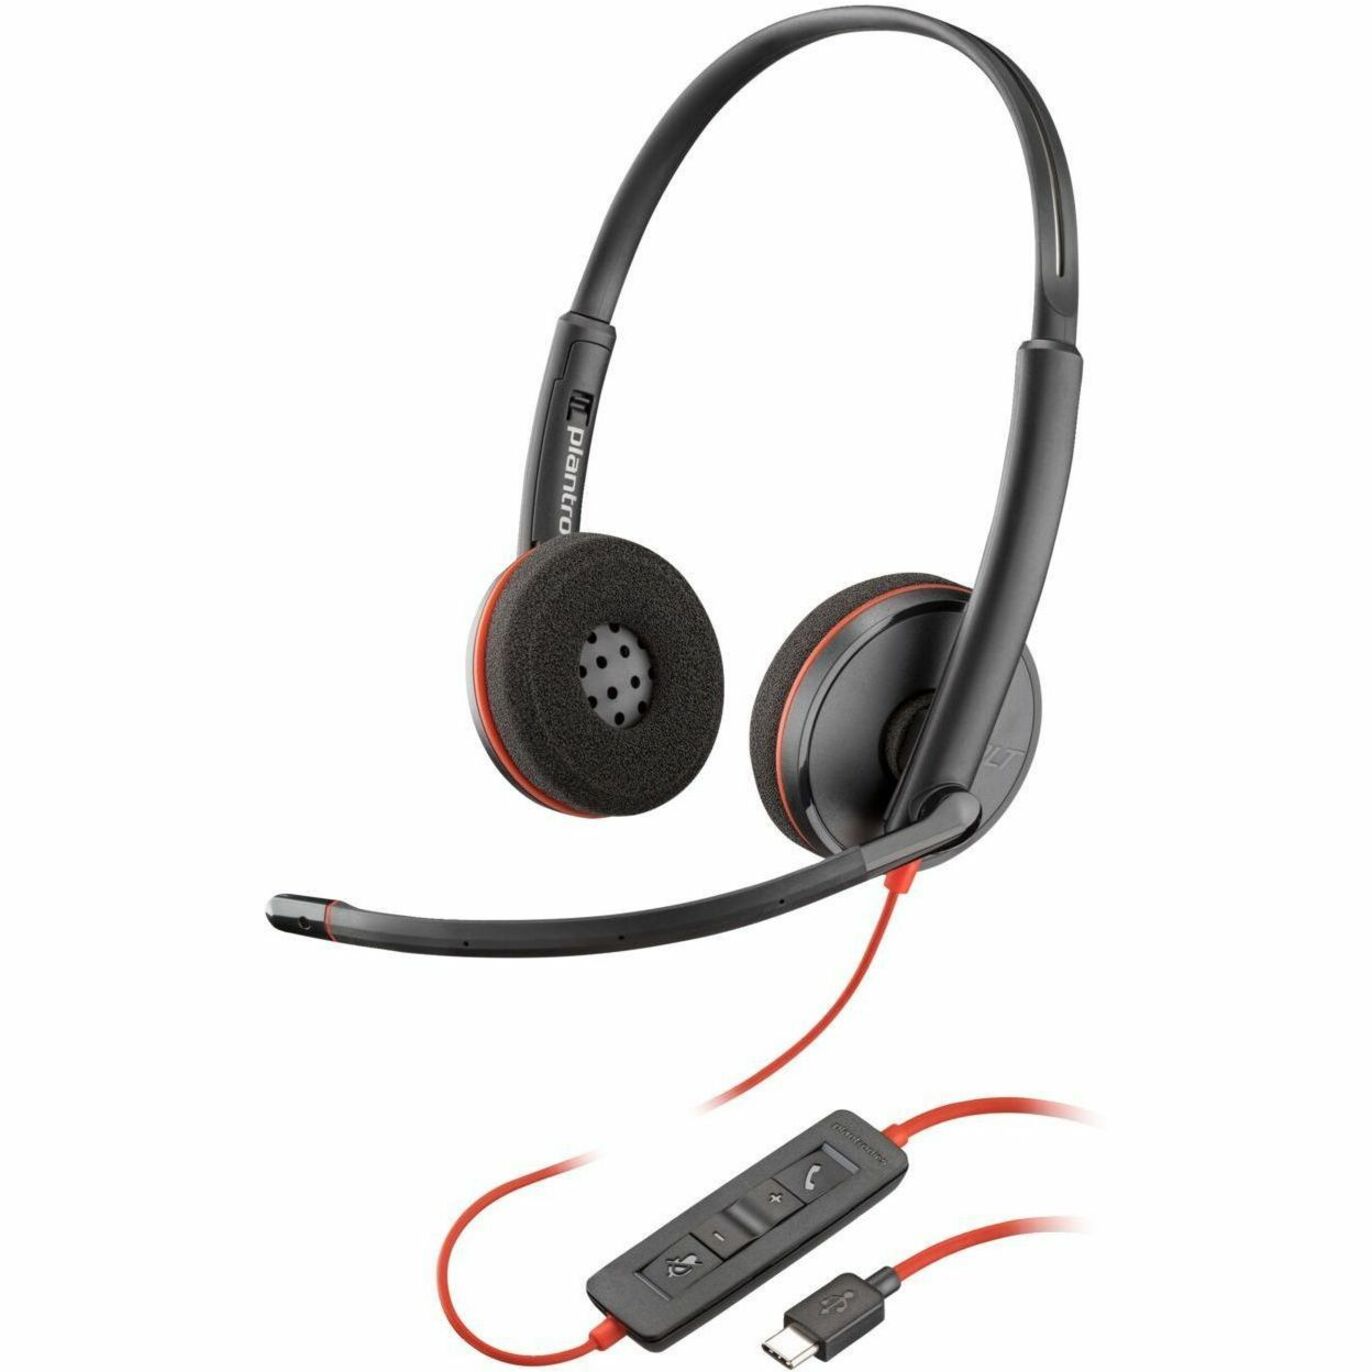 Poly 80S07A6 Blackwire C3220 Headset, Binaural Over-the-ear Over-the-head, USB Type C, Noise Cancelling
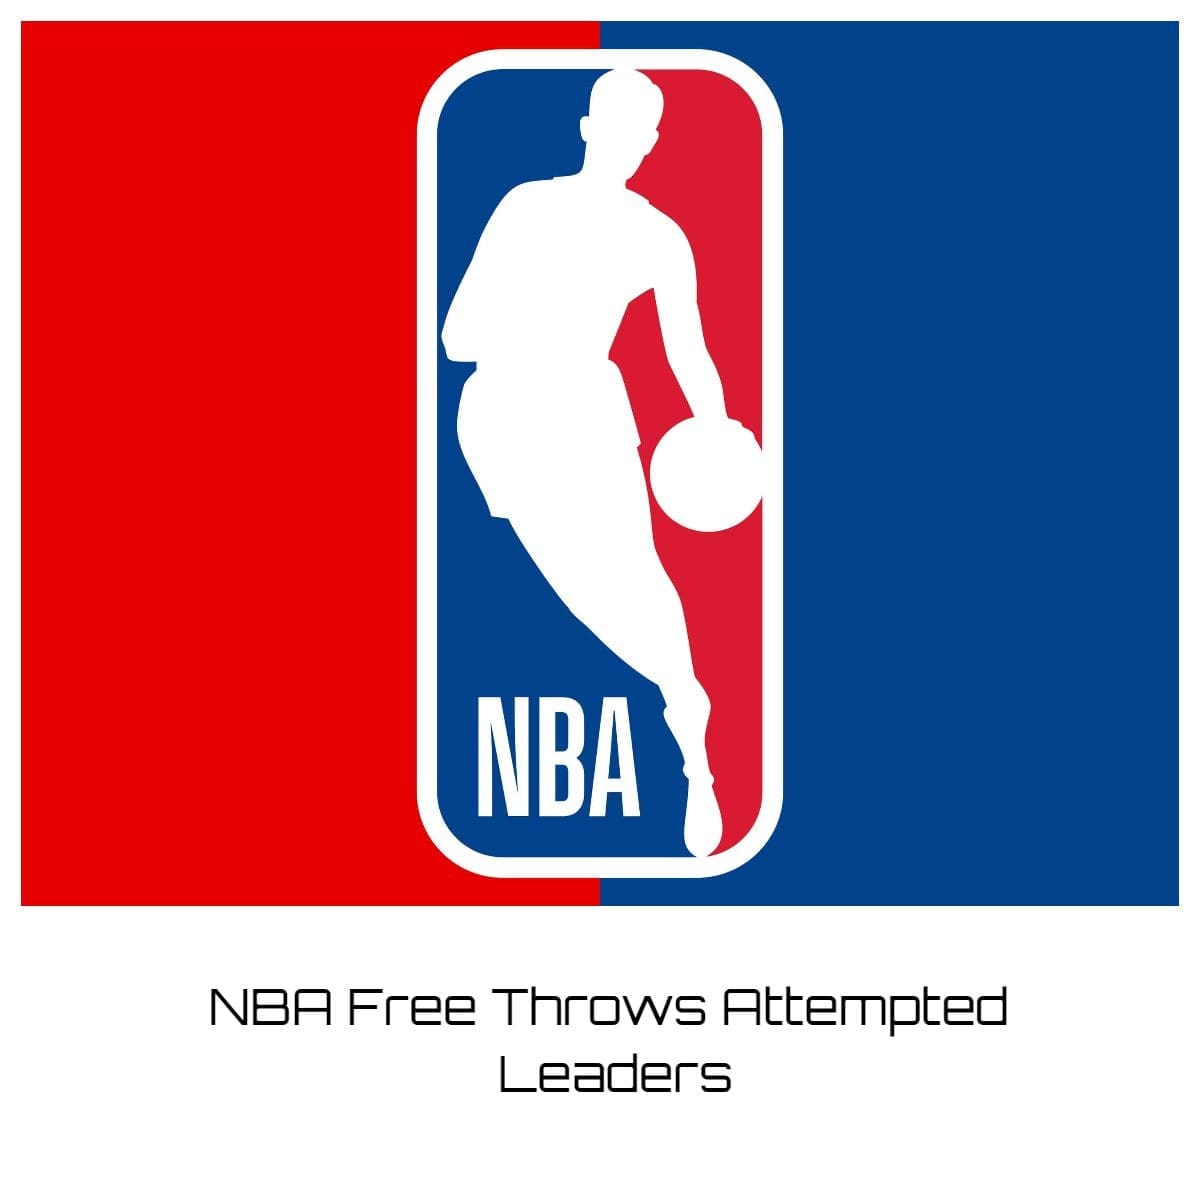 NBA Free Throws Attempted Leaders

--

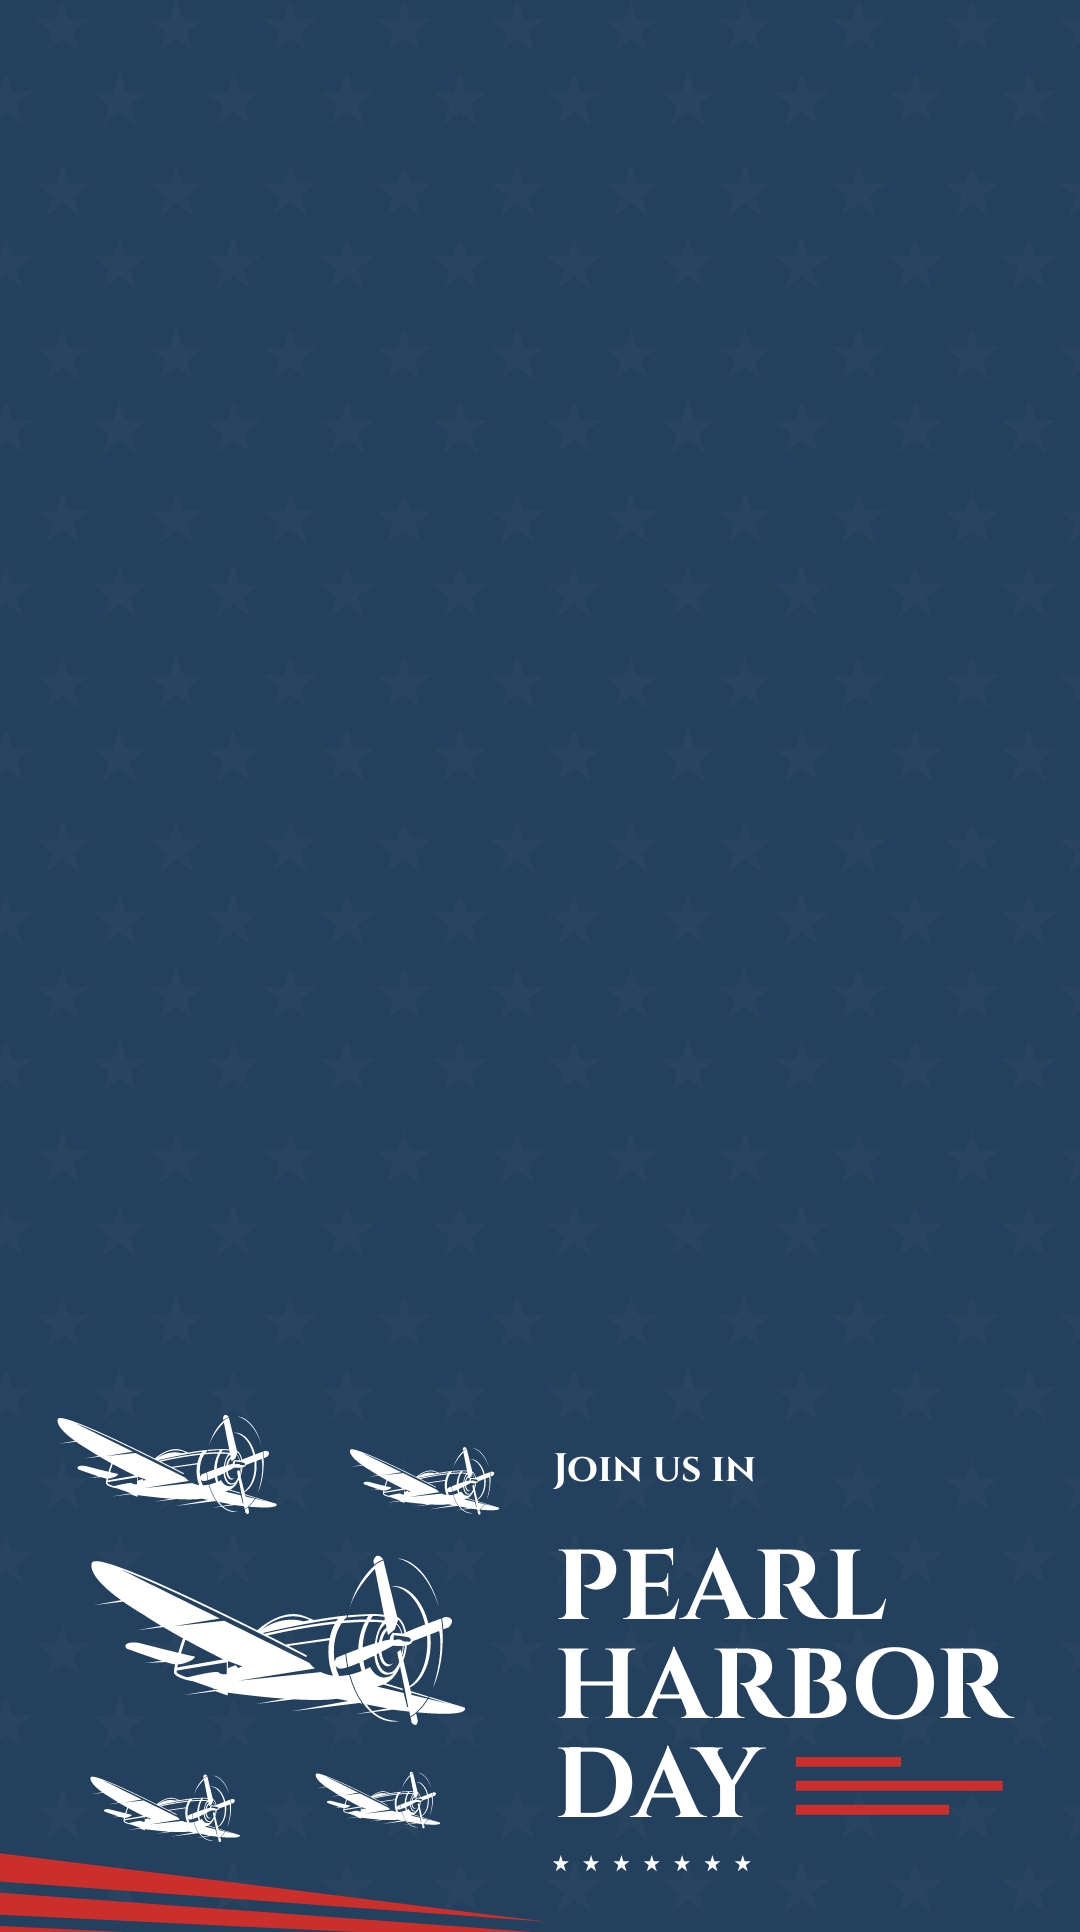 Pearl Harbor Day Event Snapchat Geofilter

### What you have to do
Reproduce the listing above only between the lines holding "Poly 80S07A6 Blackwire" and "NBA Free Throws Attempted Leaders", inclusive. Every line must match exactly, and pictures are dropped.

### Task result
 Poly 80S07A6 Blackwire C3220 Headset, Binaural Over-the-ear Over-the-head, USB Type C, Noise Cancelling
 NBA Free Throws Attempted Leaders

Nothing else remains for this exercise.